Shimson toyed idly with the pile of gold and banknotes that both he and his head priest had in front of them and watched Mother Bunch closely. The fat man appeared unconscious of the attention he was getting from Levi. He laughed and joked in his lisping voice and placed smallish bets. Losing a little, winning a little. The long flexible fingers of Andrew riffled and shuffled and flicked the cards over on to the green cloth. An ace, an eight, a ten, a five, a queen, total thirty-four . . .
‘Four!’ Andrew called loudly, and dealt the second row. Knave, ten, queen, two, total thirty-two. ‘Two, red wins!’ His voice sounded out and in concert with Shimson, he used his wooden hoe-shaped rake to draw in the losers’ stakes and push gold and banknotes to the winners. The green of the cloth, the clicking of the cards, the rustle of white banknotes, the heavy chink of golden guineas, the slithering of rakes, the minute scintillating flashes from jewelled rings on smooth hands . . . the shimmering, blurring, ever-shifting blues, creams, scarlets, lavenders, yellows, purples, magentas, cerises and silver of buckles, buttons, braids, coats, jewels, gowns, fans . . . the scents of perfumes, pomades, snuffs, tobaccos, wines, brandies, took soothing effect on Shimson’s senses and calmed and lulled the shivers of dangers invoked by Mother Bunch’s presence.
‘One apres. Will you halve your stakes, gentlemen?’ ‘Six, red wins!’ ‘Three, red loses!’ ‘Two, red wins!’ ‘Eight, red wins!’ ‘Six, red loses!’ ‘Four, red wins!’ Will any gentleman shuffle?’ ‘Eight . . . nine, red loses!’ ‘Damn my luck!’ ‘That’s the card, sir.’ ‘Blast it!’ ‘God rot me!’ ‘Oh, you little beauty you!’ The muted murmurs and whispers of the players was a constant susurration over the table. ‘Five . . . two, red wins! Seven . . . nine, red loses!’

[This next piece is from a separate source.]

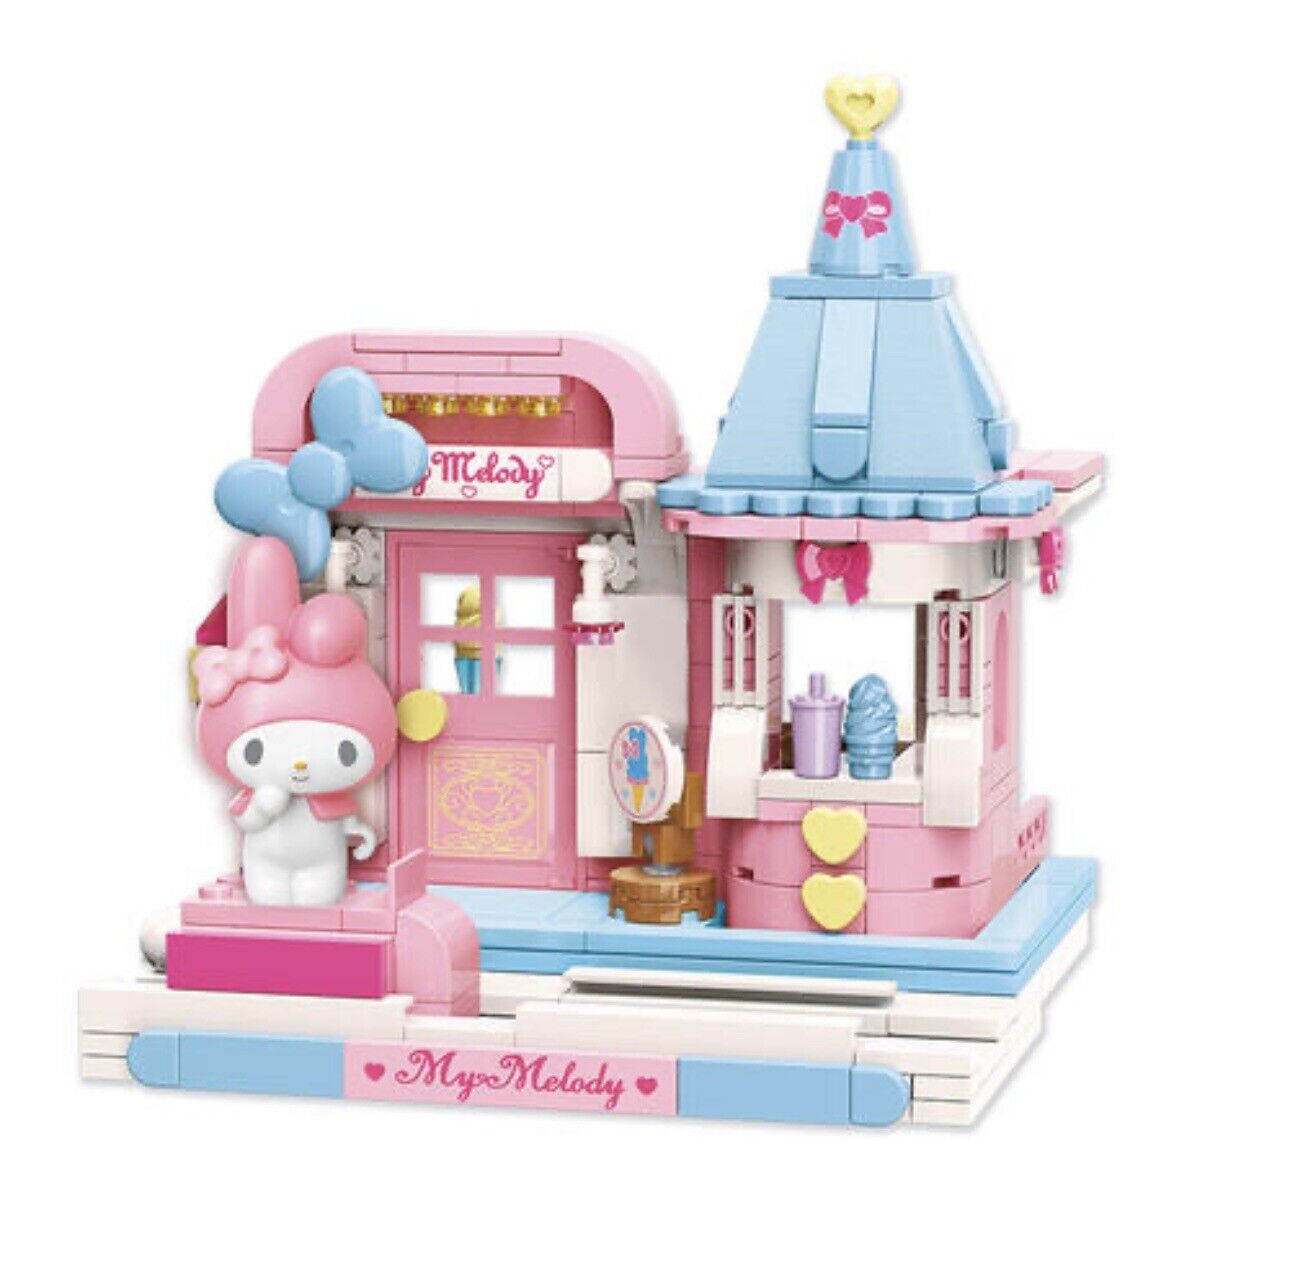 Sanrio Assembled Toy Building Blocks Me Melody Sweet Ice Cream House

The piles of banknotes and gold before the dealers began to increase perceptibly as the hours wore on. Gamblers lost their all and left the table . . . Others took their places. Voices grew hushed and hoarse, and stakes grew bigger as those
who won gained confidence in their luck. Then, for the first time Mother Bunch took the offered shuffle. Shimson’s eyes gave bleak warning to the great rouged, decadent Roman Emperor’s face, now overlaid with a sheen of sweat. Mother Bunch’s tiny rosebud of purple-painted mouth moued at the Hebrew.
‘Heaventh! What mutht you think of me, thir? Thtaring at me in thuch a thearching manner?’
The table tittered at the words and Shimson felt momentarily outfaced.
‘Forgive me, sir,’ he replied. ‘I was sure for a moment that ve had met before . . . In London, perhaps?’
‘Heaventh! That think of iniquity . . . That Thodom and Gomorrah!’ The fat man rolled his kohled eyes in flirtatious roguishness. ‘Let me athure you, thir, that if I had met thuch a handthome devil ath you, ethpethially in London, then athuredly you would remember me perfectly.’
The table exploded with laughter and Shimson forced himself to share in this joke at his expense. The forced smile died on his lips when in the next series of coups that comprised the full six-pack deal, Mother Bunch suddenly upped his stakes and ended by winning about five hundred guineas, an amount that equalled a week’s good gross takings at the club. Shimson’s thoughts raced. He had watched the shuffle closely and had not taken his eyes from the fat man while he played. Shimson was sure that the sharp had not switched any cards or been able to cheat in any other way. He glanced at Andrew who slightly narrowed his eyes to negate any idea that the fat man had cheated them. The deal finished and the cards were taken by Andrew.